- Born: 17 April 1968 (age 58) Lytham St Annes Lancashire, England

= Michael Lawrie =

British computer expert

Michael Lawrie (born 17 April 1968) is a British computer security and social networking expert known for many things ranging from running MUDs to accidentally being the world's first Cybersquatter. He lives in Cambridge, England where he created (and runs) the Cambridge Freecycle group, one of the largest in Europe.

== Early involvement in MUDS ==
While at the University of Leeds, he took over management of MUD1 at Essex University in 1987. MUD1 was the first online role playing world, played by text through X.25/PSS and later Telnet.

After its shutdown he carried on running MIST, another early virtual world, until he closed that down in 1991. Famous then simply as Lorry, he wrote the seminal guide for MUD management "Confessions of an Arch-Wizard". Years later he wrote a few updates to this explaining how it all worked in practice.

In 1988 he took over the AberMUD project for a year, running a standard distribution of the game at Southampton University, Leeds University and the IBM PC Users Group. He also managed a VAX based mud at St David's University College, Lampeter. Lawrie was the first person to send out the AberMUD source code to Vijay Subramaniam thus starting the proliferation of MUDs throughout the world.

== IRC ==
Lawrie has been involved in IRC (Internet Relay Chat) since it first left Finland and had his first IRC Operator on Vijay Subramaniam's IRC Server in 1989. Since then he has been heavily involved in IRC both in the UK and worldwide and was central in creating Ircnet when the European servers split away from EFnet.

== Public access systems ==
Michael Lawrie is an ardent supporter of free, public-access systems and servers and is deeply rooted in the history of such services and in the development and opening up of the internet in the UK. He was one of the management team of Edinburgh University's Tardis Project in 1987 and later managed HICOM, a joint project between the British Computer Society, the British Psychological Society, Digital Equipment Corporation and British Telecom into HCI and CSCW. HICOM's VMS system was open to anybody who wanted an account and as well as being famous for being the only machine that the hacker Kevin Mitnick ever had a legitimate account on. It was also the first public access Internet service provider in the UK.

== Career ==
In his non-online life Michael Lawrie started off as systems and security manager and computer misuse expert and is now a Commercial Security Consultant and threat assessment specialist. He has worked for a number of large companies and headed up the Commercial Security team at British Telecom.

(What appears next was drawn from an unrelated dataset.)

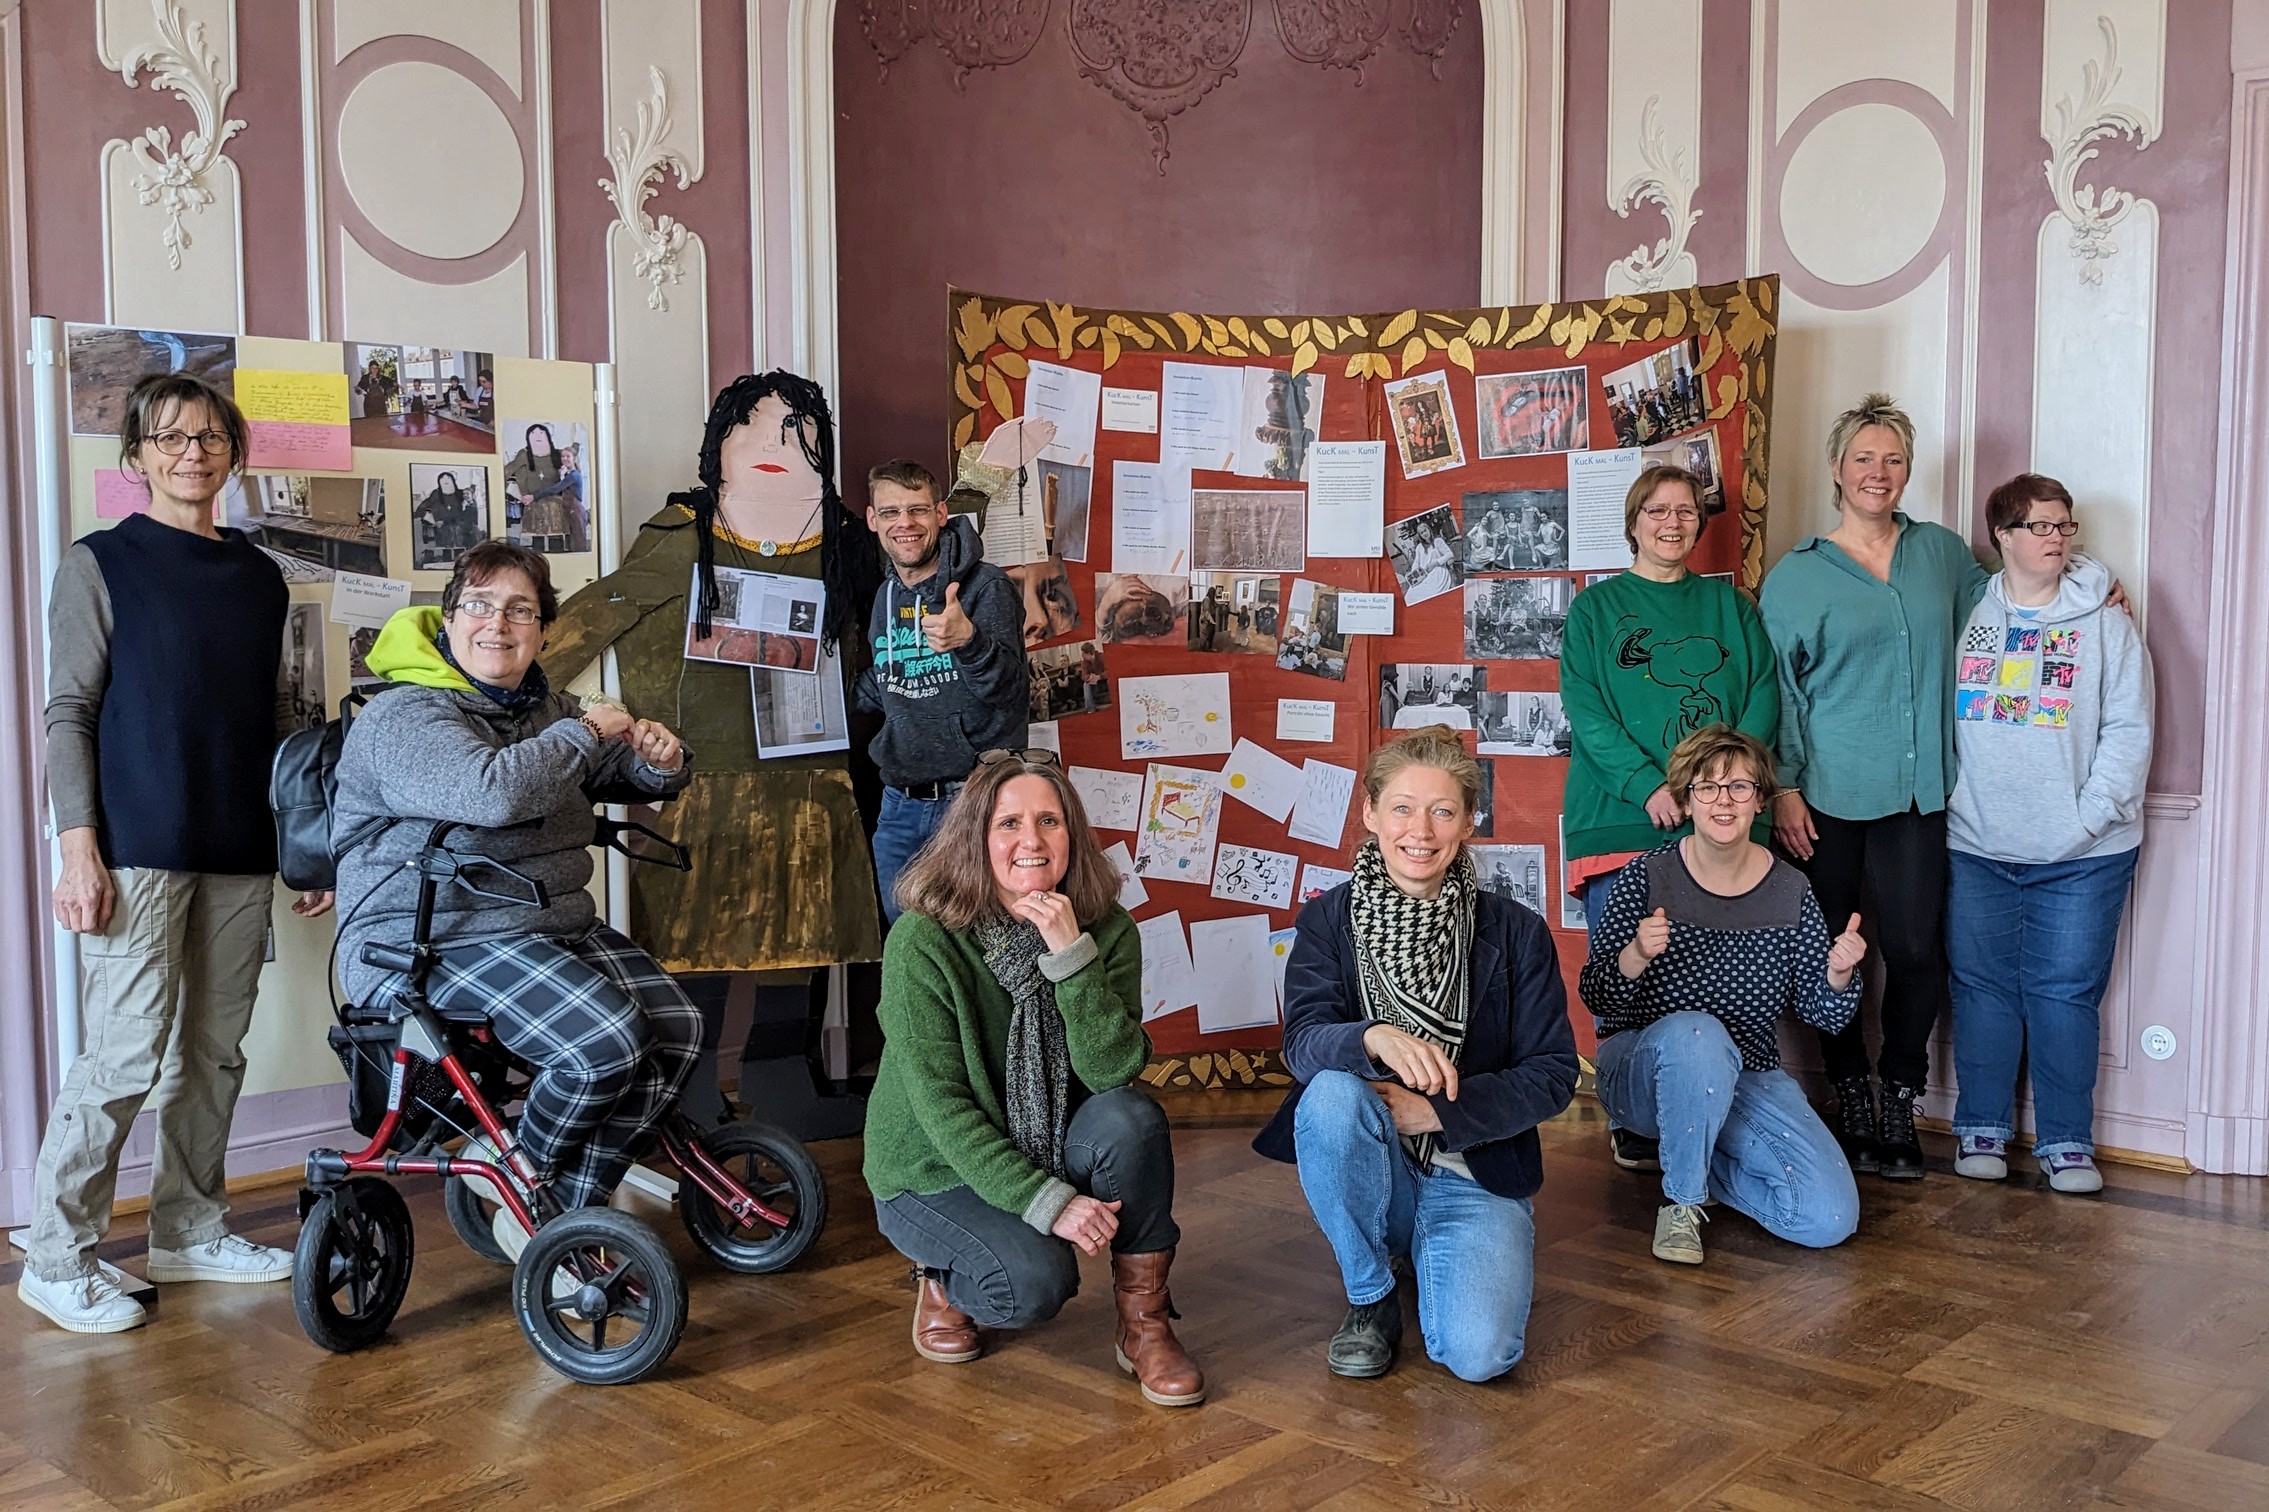 Gruppenfoto mit Teilnehmer*innen eines inklusiven Workshops vor ihrer selbstgemachten Fotowand im Museum.

Online he was the head of the Trust and Safety division at OkCupid
== Historical preservation ==
He is the owner of a huge collection of historical computers, calculators, peripherals, electronic games, and more than a tonne of technical documentation. It contains more than 200 microcomputers dating from 1968 onwards and a number of larger machines, including significant VAXes and old PDPs. The collection is not currently available for public view.